Hecker seeks to get around the long-standing rule that he who seeks to set aside a judgment based on a cognovit promissory note must tender an answer setting forth matter which, if established, would constitute a full and complete defense by arguing that Vail, through an alleged election of remedies, was somehow precluded from proceeding under the cognovit provisions in the two notes. This argument is based upon the fact that sometime during the day of October 21, 1964 Hecker was served with process issuing in the instant action.
In this connection, the record indicates that for several weeks prior to October 21, 1964 counsel for Vail had been attempting to obtain personal service upon Hecker, but without avail. This was so notwithstanding the cognovit features of the promissory notes. Being unable to obtain personal service upon Hecker, on October 21, 1964 Vail determined that it was in her best interest to proceed under the cognovit provisions of the notes, which she did. There is nothing in the record which would indicate that as of the moment judgment was being entered, either Vail or her attorney had knowledge that one of the several process servers being used by them had effected any service upon Hecker. Indeed, from the record it is uncertain that there actually was any service upon Hecker prior to the entry of judgment. All that this record indicates is that sometime on October 21, 1964 Hecker was served with process; but whether it was before, or after, the time when the judgment entered remains unknown.

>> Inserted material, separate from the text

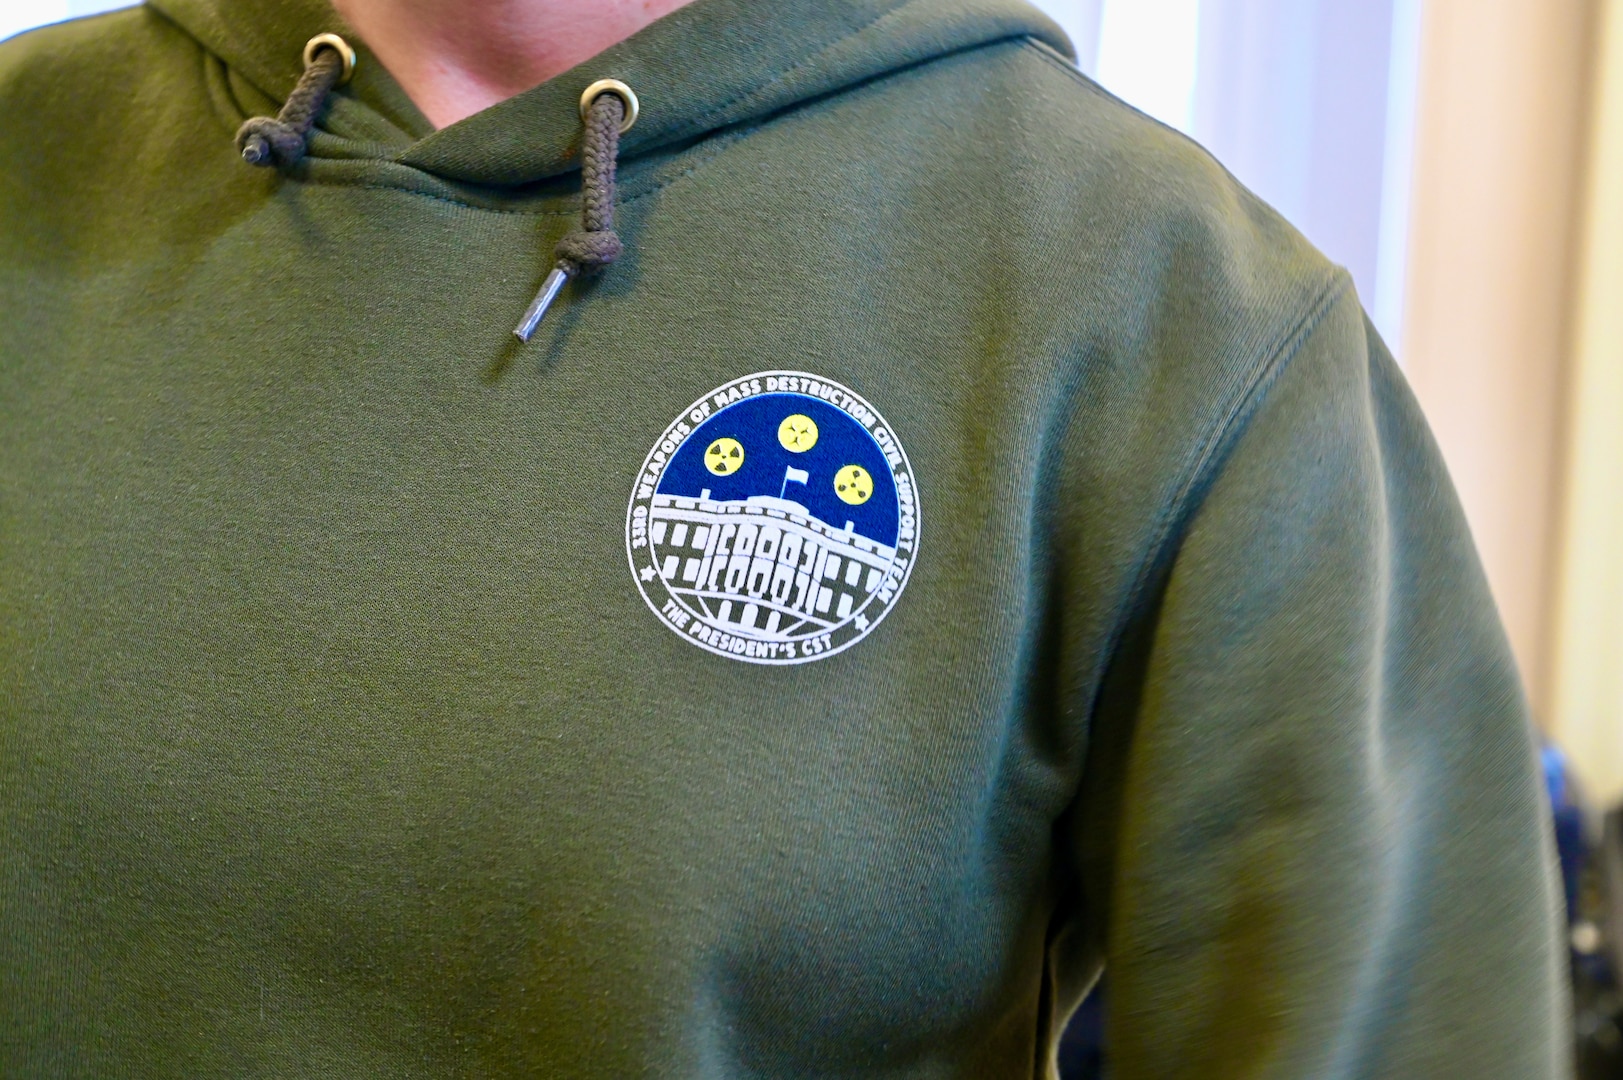 U.S. Army Staff Sgt. Chasity Townsend, administration noncommissioned officer, 33rd WMD-CST, wears a sweatshirt that bears the symbol associated with being ‘The President’s CST,' at the D.C. Armory, March 7, 2024.  The 33rd WMD-CST was strategically positioned to respond effectively with D.C. Fire, U.S. Secret Service, U.S. Capitol Police, and CBRNE Enhanced Response Force Packages (CERFP) units.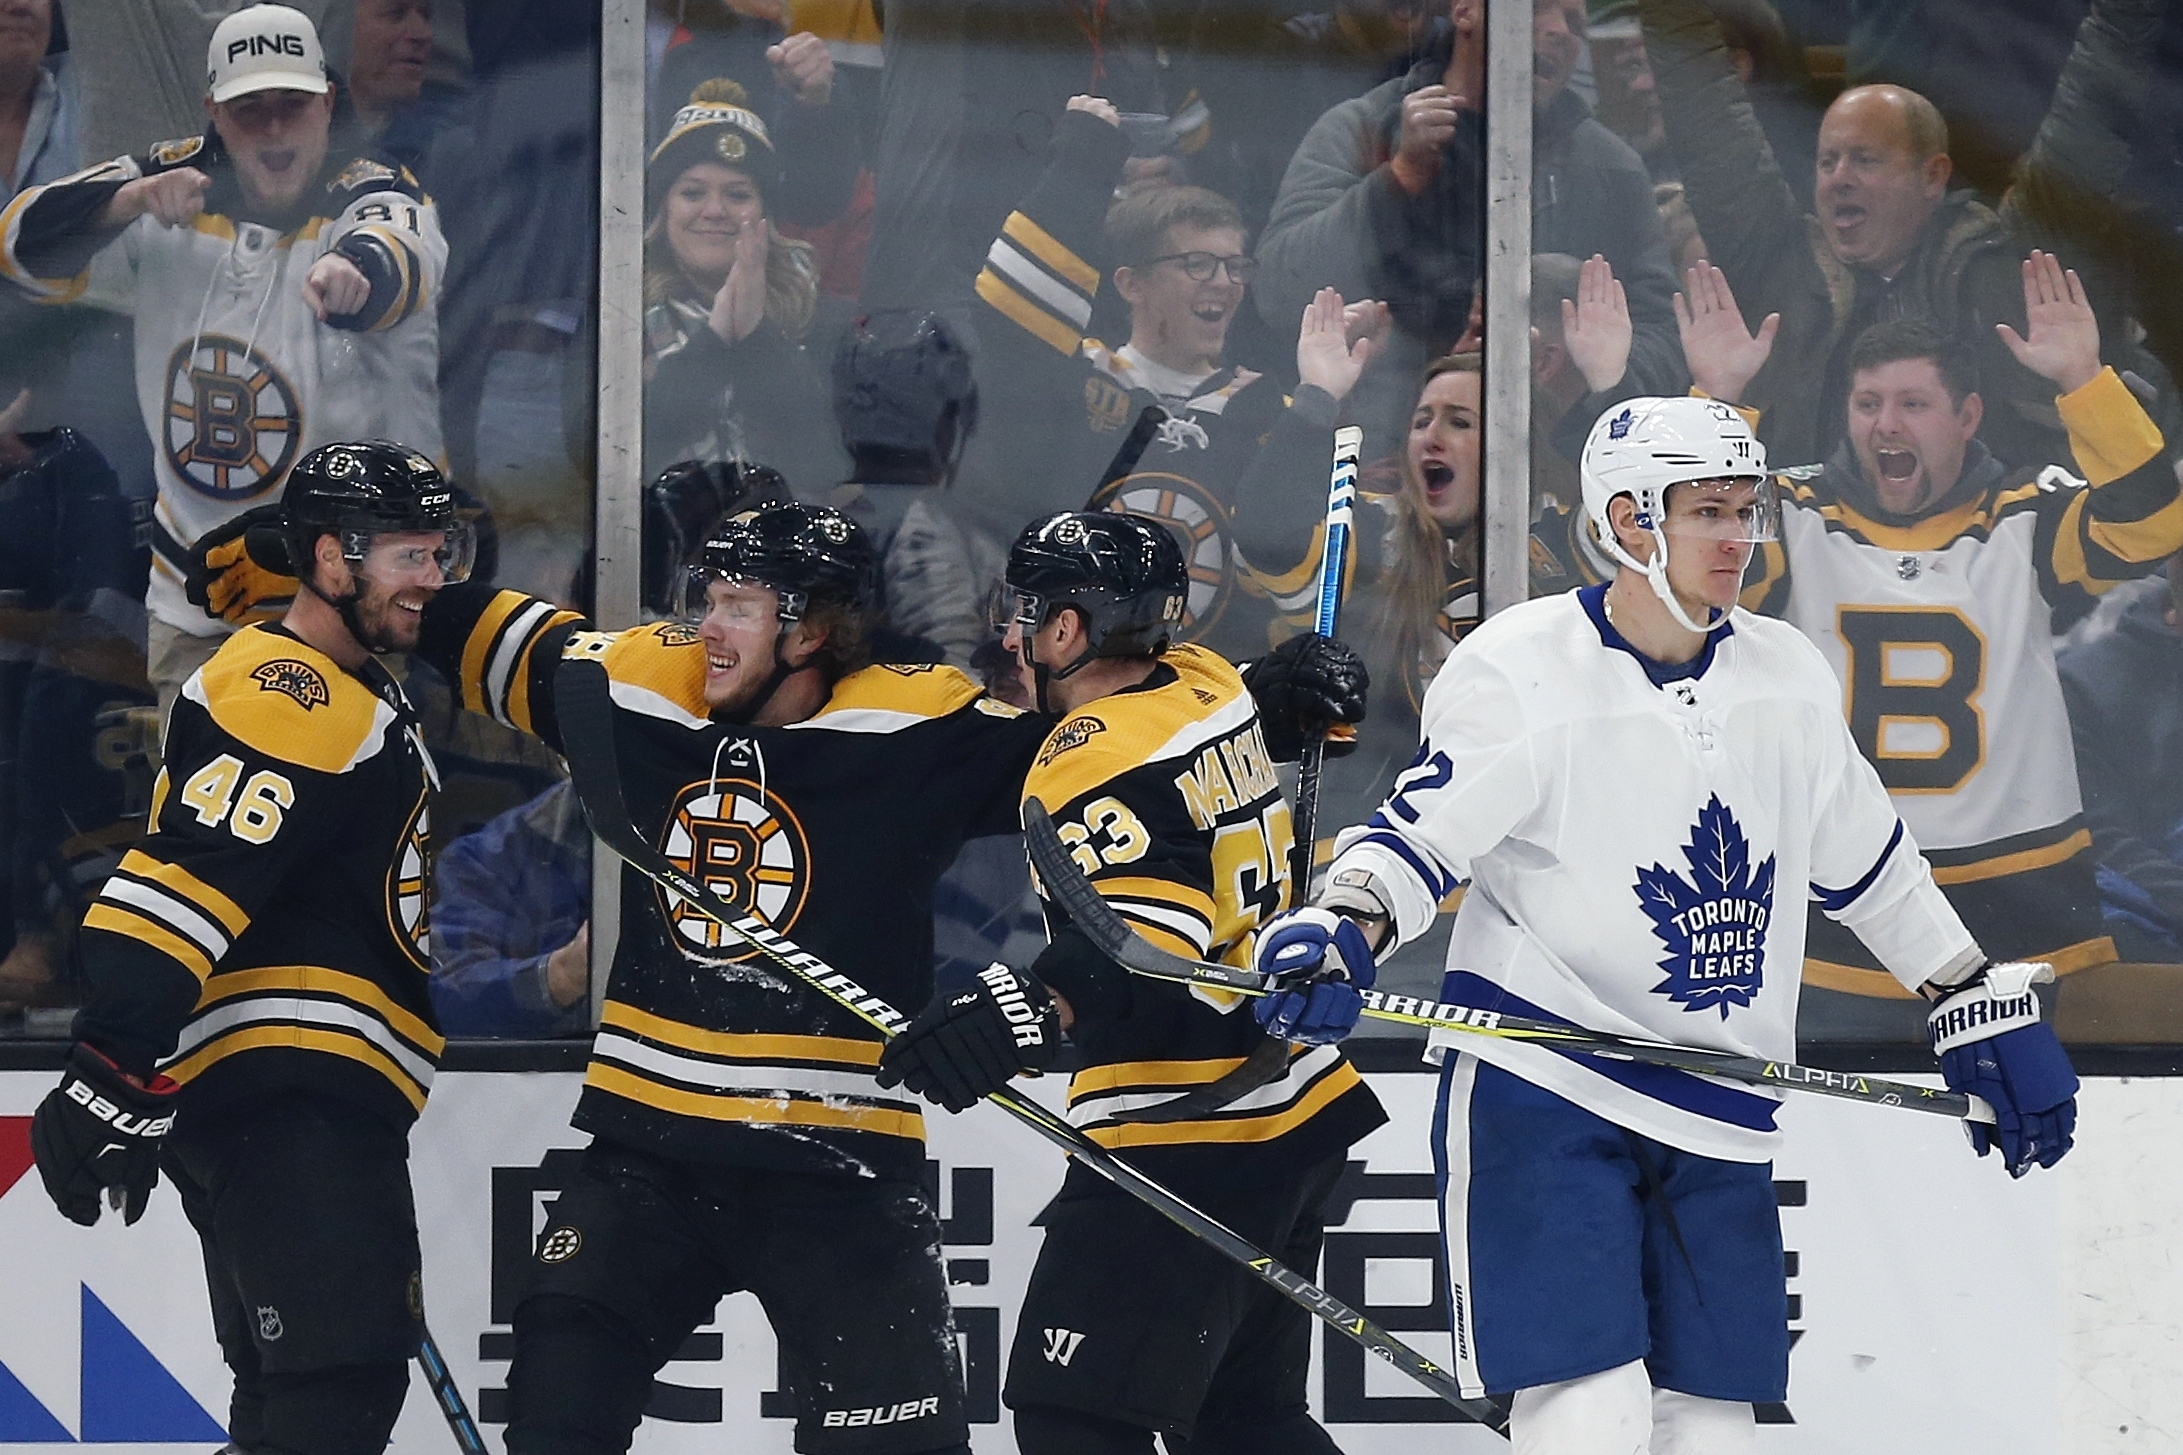 Krejci moves up Bruins’ scoring list in 6-3 win over Leafs

Based on this sequence of events, Hecker argues here, as he did in the trial court, that because of some fancied election of remedies Vail was somehow precluded from procuring judgment under the cognovit feature of the notes and that accordingly his motion to vacate should have been granted, regardless of whether he had a meritorious defense. With this general line of reasoning we do not agree.
Of course, the holder of a cognovit promissory note may attempt to obtain personal service on the maker of the note. But our attention has not been directed to any authority holding that such precludes the holder of such a note from proceeding to obtain the entry of judgment under the cognovit provision of the note. For all we know, judgment in the instant case was obtained before the service of process upon Hecker. The return of service of process does not contain any reference as to the time of day, or night, that service was obtained. And in this regard, presumably Hecker himself could have advised the trial court, by affidavit, or otherwise, as to the time when he was served. In any event, there is nothing in the record before us to indicate that service was effected on Hecker before the entry of judgment against him. Under such circumstance we need not here decide what would be the effect if any, had service actually been effected upon Hecker prior to the time judgment entered.
Actually, as we view it, the fact that Hecker was served sometime during the twenty-four hour period beginning at 12:00 o'clock a.m. on October 21, 1964 and ending 12:00 o'clock p.m. on that same day is, under the circumstances, something of a red herring. The central issue is whether Hecker has a meritorious defense to Vail's claim. If he has, and if he had pled it in a tendered answer, the judgment should and no doubt would have been set aside and Hecker would then have been given his day in court. On the contrary, if Hecker in fact has no meritorious defense, Hecker should not be allowed to delay simply for the sake of delay.
It should be noted that counsel for Hecker in this court did not prepare the motion to vacate with the trial court.
The judgment is affirmed.
MR. CHIEF JUSTICE MOORE, MR. JUSTICE SUTTON and MR. JUSTICE PRINGLE concur.